Szymon Pawłowski: Wyniki budują pewność siebie

Lech Poznań opuścił strefę spadkową Ekstraklasy dzięki trzem punktom za zwycięstwo z Pogonią Szczecin. Szymon Pawłowski stawia sobie kolejne wyzwania i zaraz po meczu uciekał myślami do Lizbony.

Po paśmie niepowodzeń Lech Poznań odbudowuje się mentalnie i sportowo. Potwierdzeniem tego, że forma mistrza Polski rośnie, było zwycięstwo 2:0 z Pogonią Szczecin. Piłkarze Jana Urbana nie zagrali oszałamiających zawodów, ale od przeciwnika byli po prostu lepsi, skuteczniejsi, bardziej konsekwentni. Lech został pierwszym zespołem, który wywiózł punkty z Twardowskiego.

- Prowadziliśmy już po 11 minutach, pokazaliśmy zęba i wywalczyliśmy sobie komplet punktów - stwierdził Szymon Pawłowski, pomocnik Lecha Poznań. - Wyniki budują pewność siebie. Prezentujemy się coraz lepiej na boisku, utrzymujemy się przy piłce, a przede wszystkim wykorzystujemy sytuacje podbramkowe. Jest jeszcze co poprawiać, by z tygodnia na tydzień wyglądać lepiej.

Lech Poznań opuścił już strefę spadkową, gdzie znalazł się sensacyjnie po nieudanym początku sezonu. Marcin Kamiński uważa nawet, że realne jest, by Kolejorz przedostał się do ósemki przed końcem roku. Szymon Pawłowski zachowuje spokój i nie pompuje oczekiwań.

- Chcemy piąć się szczebelek po szczebelku. Dużo punktów już potraciliśmy, więc każdy zdobyty jest dla nas na wagę złota. Cieszymy się z pokonania Pogoni Szczecin, a jeszcze bardziej z opuszczenia strefy spadkowej. Na koniec roku spojrzymy, co wynikło z naszego punktowania, ale nie patrzę na razie jakoś przesadnie wysoko w tabelę - zaznaczył pomocnik.

Lech rywalizuje na trzech frontach. Pogoń gra tylko w Ekstraklasie, natomiast Kolejorz również w Pucharze Polski oraz w Lidze Europy. Przez poznaniakami potyczka z Belenenses Lizbona.

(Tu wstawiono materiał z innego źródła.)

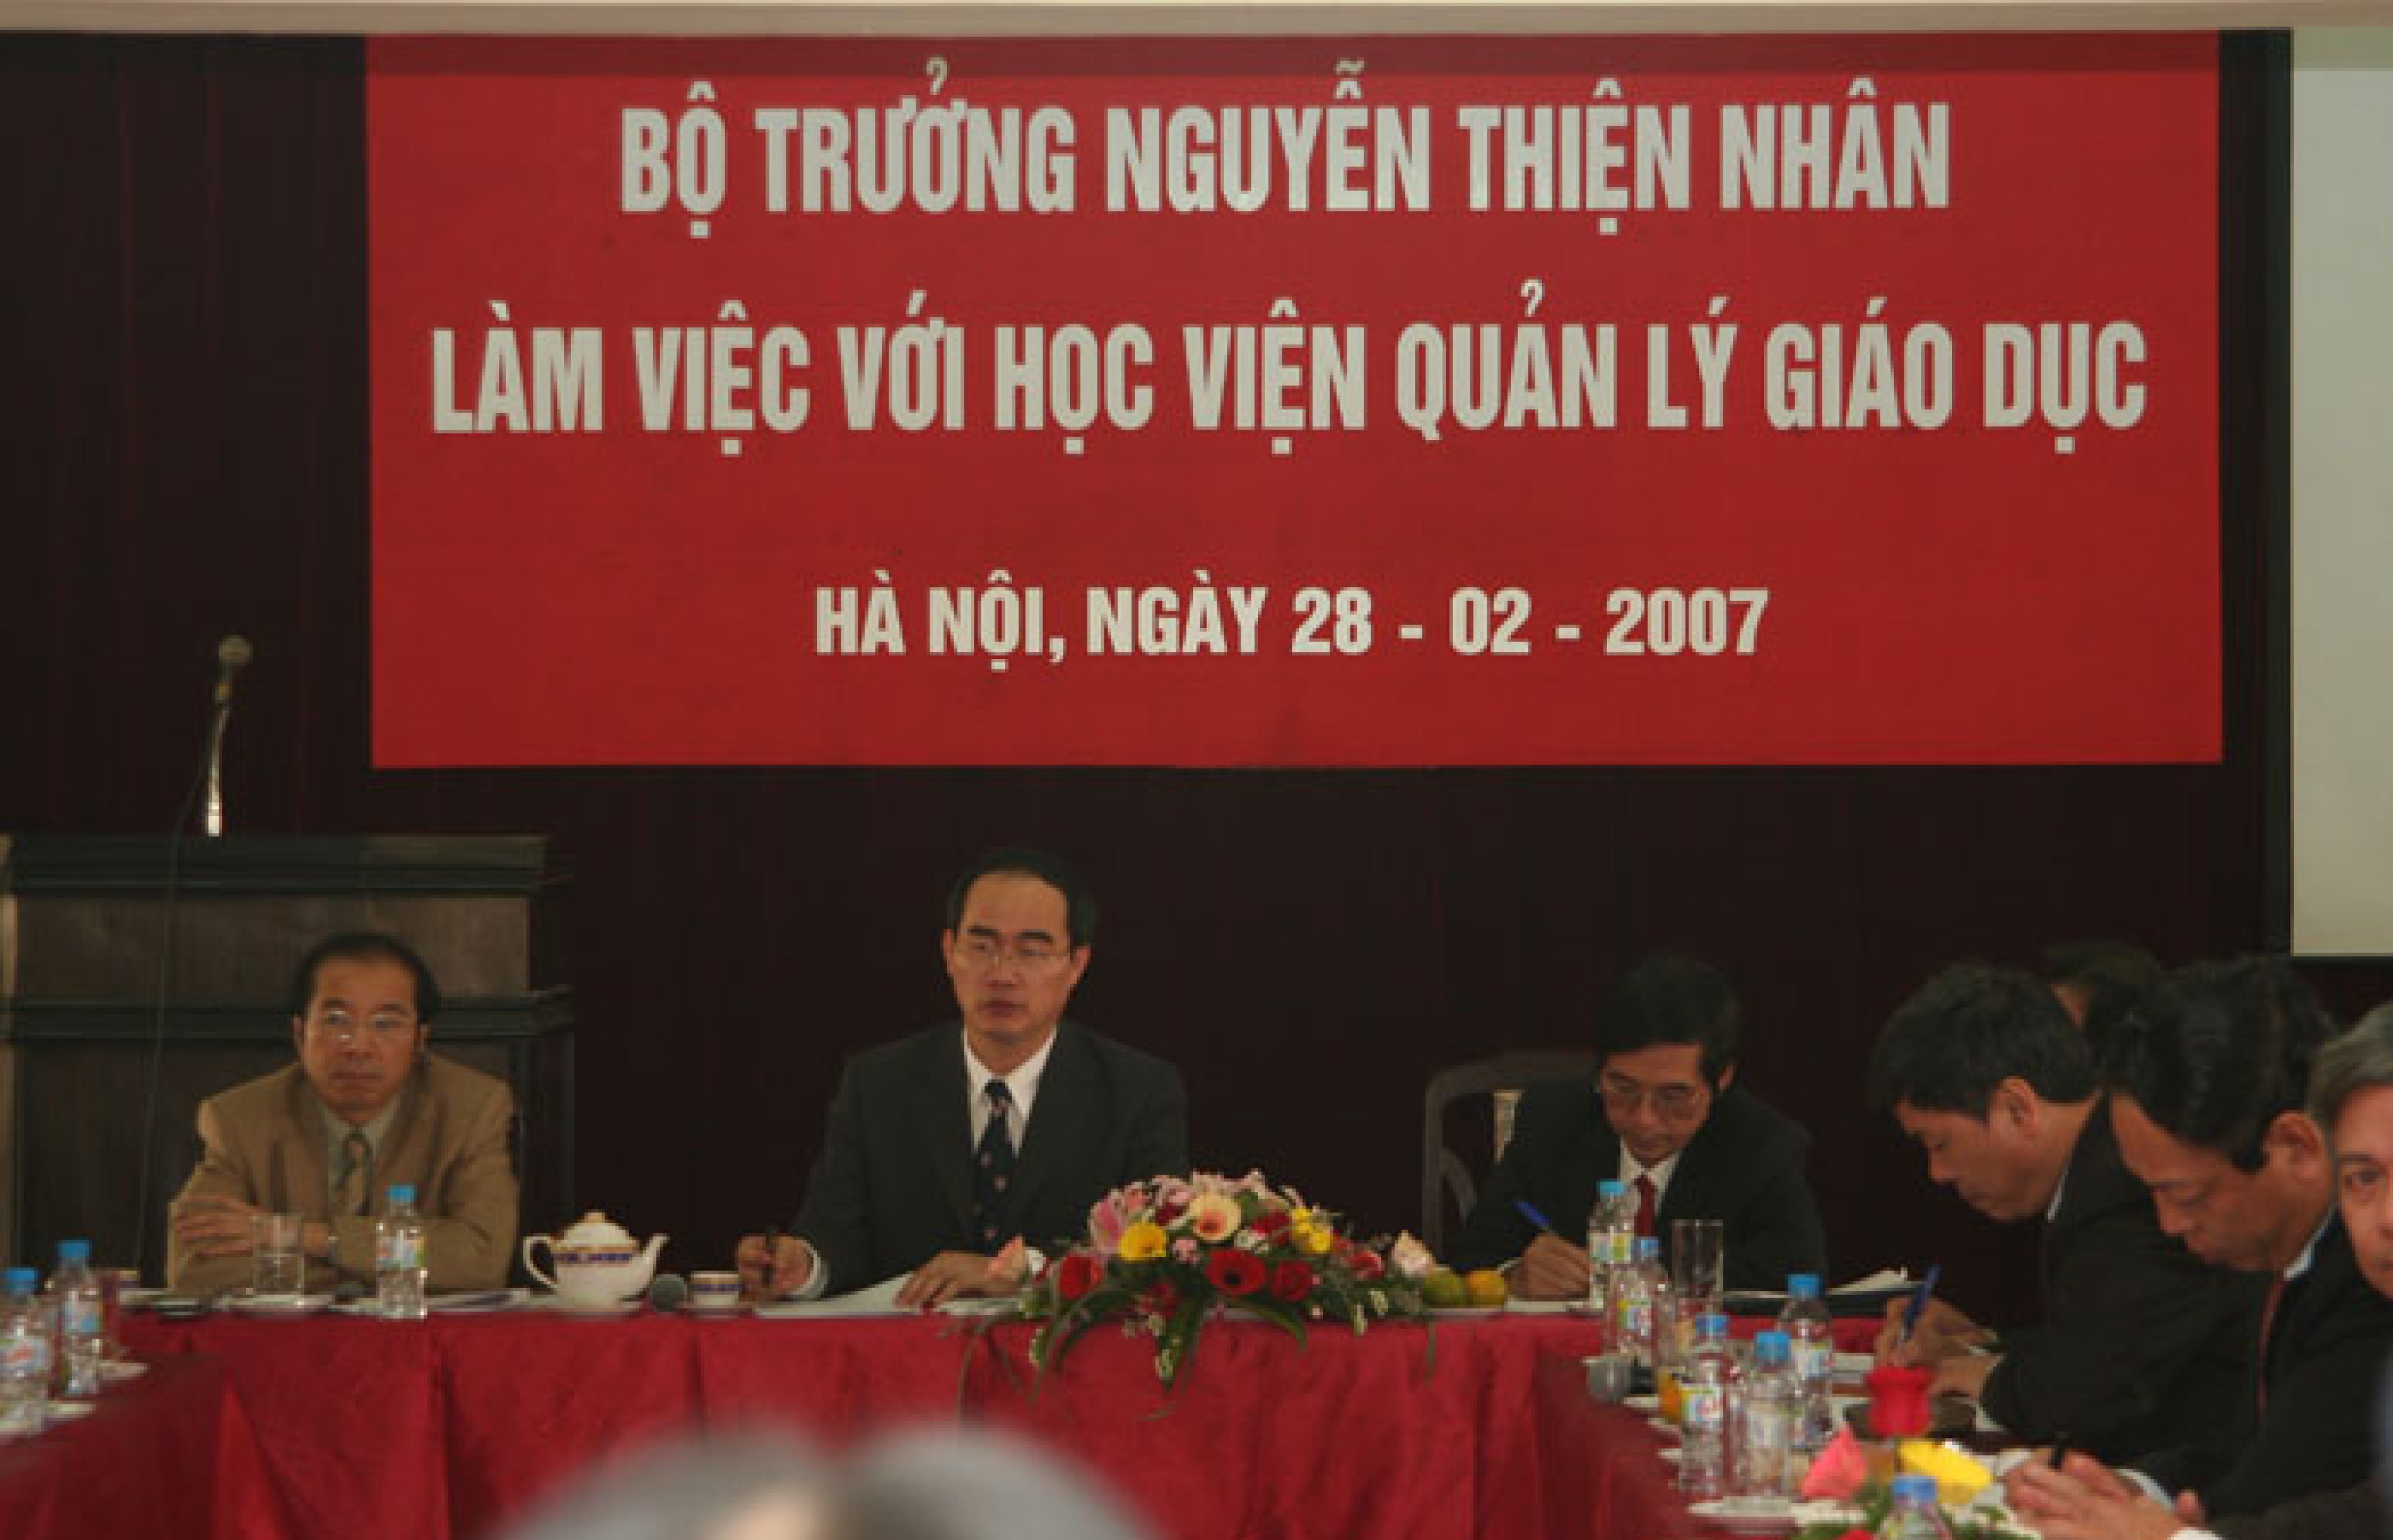 Bộ trưởng Bộ GDĐT Nguyễn Thiện Nhân về thăm và làm việc tại Học viện quản lý giáo dục năm 2007

- W tym momencie Belenenses jest dla nas najważniejsze i zaczynam koncentrować się na tym przeciwniku. Nadal mamy szansę na awans z grupy, więc traktujemy mecz w europejskich pucharach tak samo poważnie jak ligowy. Jeżeli wygramy, to nasza sytuacja będzie dobra.